Percebendo o que se passava pela cabeça de Chen Keng, Mireille, que não queria gastar energia falando, apenas fechou os olhos e disse:

— Talvez eu tenha tido uma alucinação. Vou descansar um pouco, lembre-se de me chamar quando chegarmos.

Como a própria Mireille atribuiu o ocorrido a uma alucinação, Chen Keng não viu outra explicação. Ele não queria pensar em outras possibilidades, especialmente no meio da noite, enquanto dirigia. Não queria alimentar pensamentos que lhe causassem calafrios. Como diz o ditado, "o que se teme, atrai-se", e Chen Keng estava, de fato, apreensivo.

Eles ainda não tinham saído de Xangai, pois Hou Min estava na cidade. Após encerrar a conversa com ela, Chen Keng encontrou um hospital próximo, o mesmo de onde acabaram de sair. O céu já escurecera, e cerca de duas horas haviam se passado desde a saída.
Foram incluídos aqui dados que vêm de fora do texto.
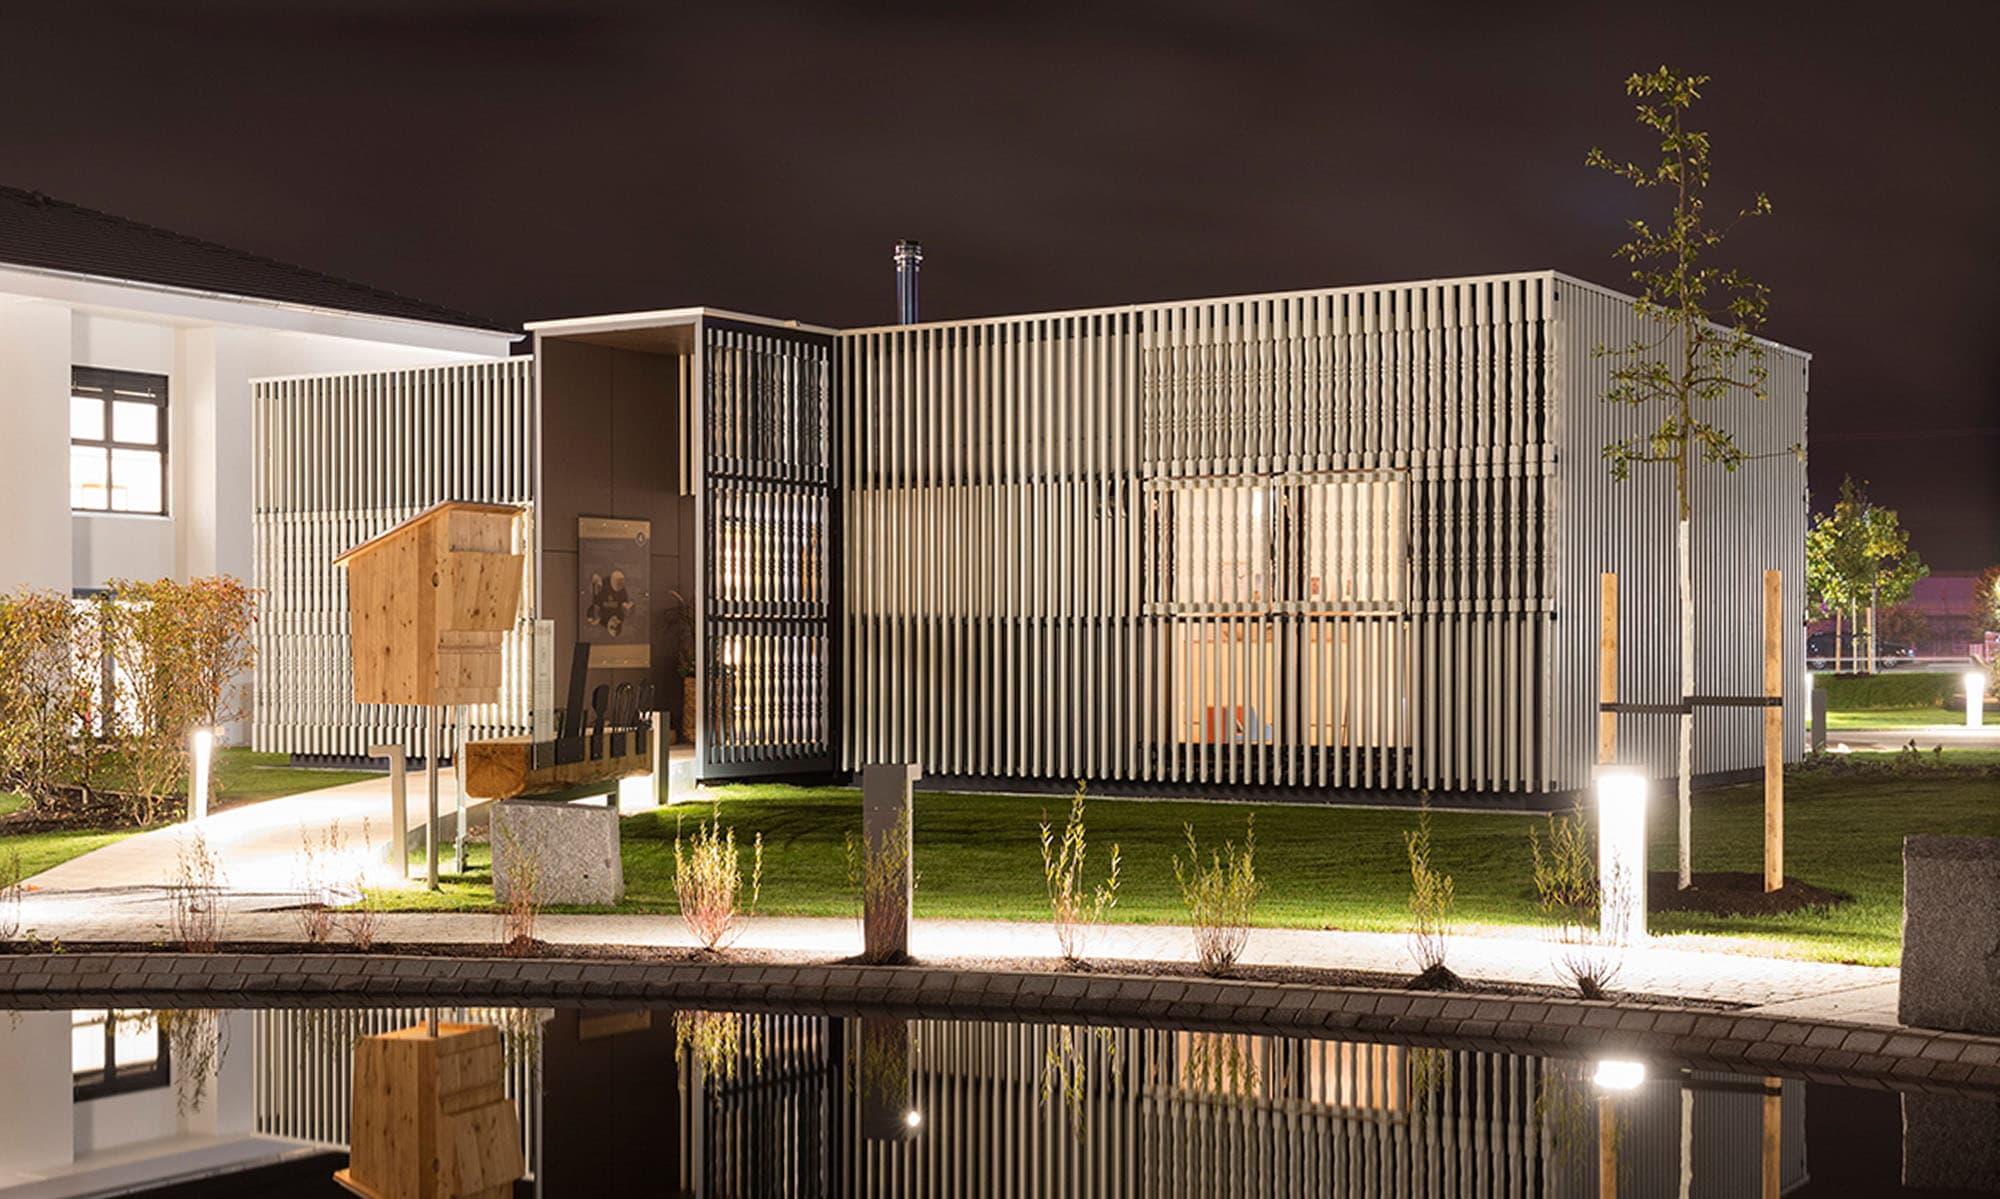 Der Ideenpavilion von Baufritz dient als Musterhaus für das Hausprogramm des Fertighausherstellers.

Chen Keng era um homem pragmático, especialmente no que dizia respeito a não desperdiçar comida. O que Mireille não comeu no hospital, ele terminou, o que acabou servindo como seu jantar.

Ao olhar o relógio, viu que já eram 22 horas.

Originalmente, ele pretendia dirigir até sua cidade natal, mas não havia pressa, e ele não queria enfrentar a estrada à noite. Dirigir durante o dia permitia apreciar a paisagem e fazer pausas, o que era impossível na escuridão.

Estavam na periferia de Xangai, quase saindo da jurisdição da cidade. Pela janela, Chen Keng via as luzes daquela área, que parecia ser um trecho movimentado. Onde há movimento, deve haver hotéis.

Seguindo adiante, encontrou uma saída da estrada nacional e dirigiu em direção à área iluminada. Era uma rua com construções voltadas para o sul, com luzes acesas por toda parte e lojas de todo tipo.

Para sua surpresa, após percorrer todo o trecho, não encontrou um único hotel.

Continuar dirigindo sem rumo não era uma opção, e logo sairiam da zona iluminada.

— Mireille, acorde um pouco. — Chen Keng a chamou e instruiu: — Espere no carro. Vou ali perguntar a alguém se há algum hotel por perto.

Mireille apenas assentiu.

Ao vê-la concordar, Chen Keng saiu do carro. Observando-o caminhar em direção a uma pequena loja, Mireille sentiu uma ponta de dúvida e murmurou baixinho:

— Pedir informação a qualquer pessoa não bastaria? Por que precisa entrar na loja para perguntar?